# Land auction sets state record



## Springer (Dec 21, 2004)

Sounds like a couple of guys that wouldn't quit bidding.

NORTH DAKOTA: Land auction sets state record
By Stephen J. Lee, Herald Staff Writer
Published Friday, February 01, 2008
A state record in farmland prices apparently was set last week at an auction in Grafton, N.D.

According to bankers who have knowledge of the sale, a parcel of land sold for nearly $5,700 an acre. That's more than $1,000 higher than what is thought to be the previous record, hit in November, also in Walsh County.

Steve Rehovsky, newly named (as of Wednesday) president of First United Bank in Park River, N.D., said he was told details of the auction and bidding by good sources.
RELATED CONTENT
Grand Forks Herald Talk About It Icon	Article comments (20)
The land was a "short quarter," about 140 acres or so, about a mile or two south of St. Thomas, N.D., that was part of a Folson farm, now in probate.

It was advertised as "prime farmland," by Botsford and Qualey Land Co., in Grand Forks, which set up the auction. Held in the Bremer Bank in Grafton last Friday, it involved the 10 people who had submitted the top written bids on the land, in a round of oral bidding.
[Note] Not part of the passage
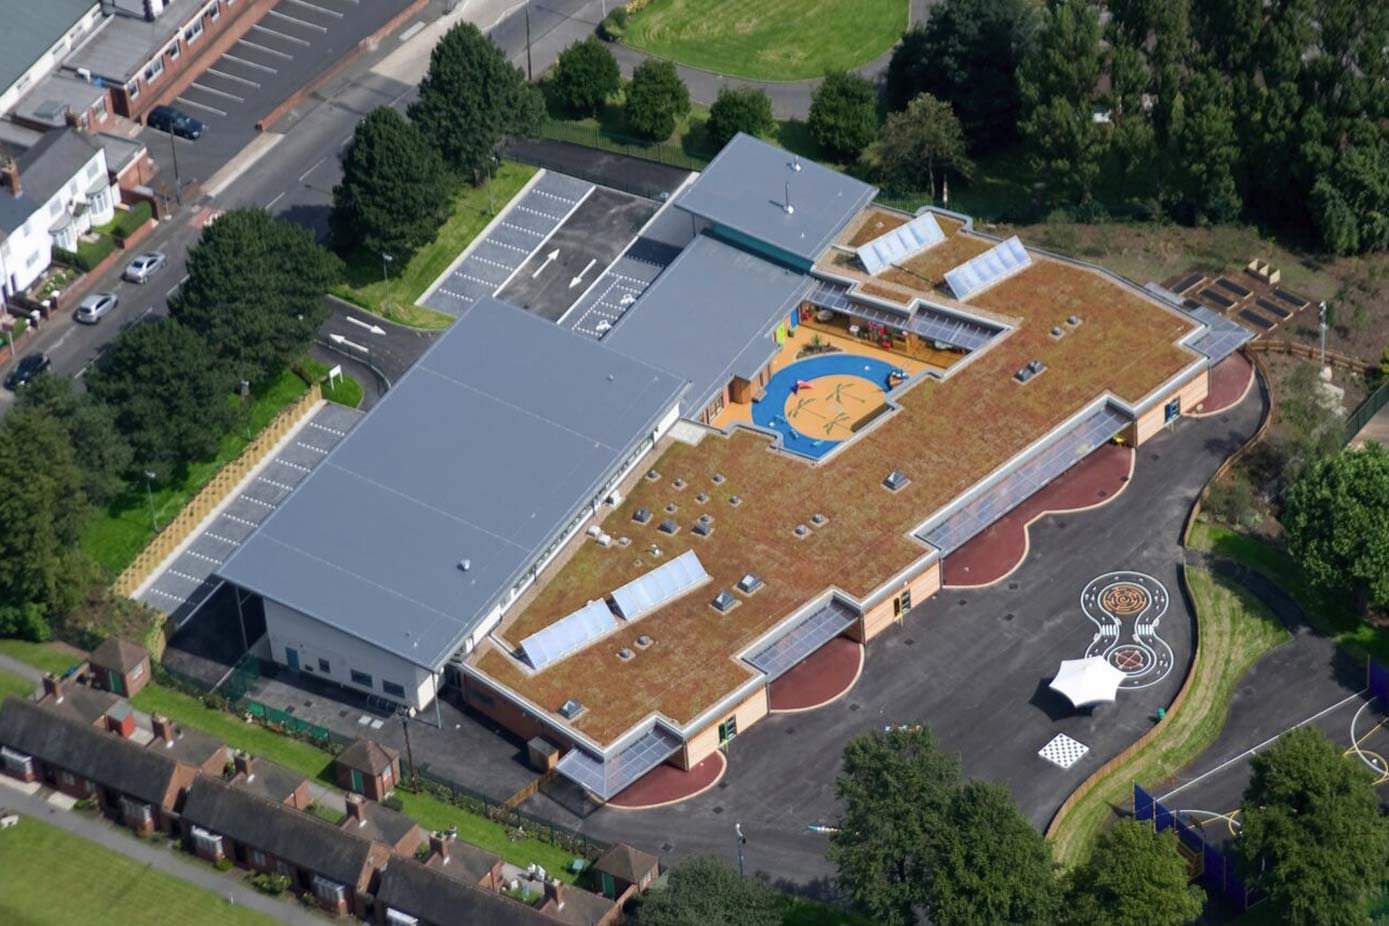 Sage Roofing installed a green roof at Crocketts Primary School

Rehovsky and others say the winning bidder was Alan Collette, a large beet and potato farmer from Grafton. His main rival had been Kenny Johnson of Walhalla, N.D., part of the largest farming operation in the state and then some.

Terms were advertised as cash in full within 30 days (which would be nearly $900,000) or contract for deed with 25 percent down and the balance amortized over three years at 8 percent.

John Botsford said he couldn't comment on the terms of the sale because of ongoing negotiations with Collette.

Rehovsky said that Collette reportedly has the option to buy more Folson land at the same price.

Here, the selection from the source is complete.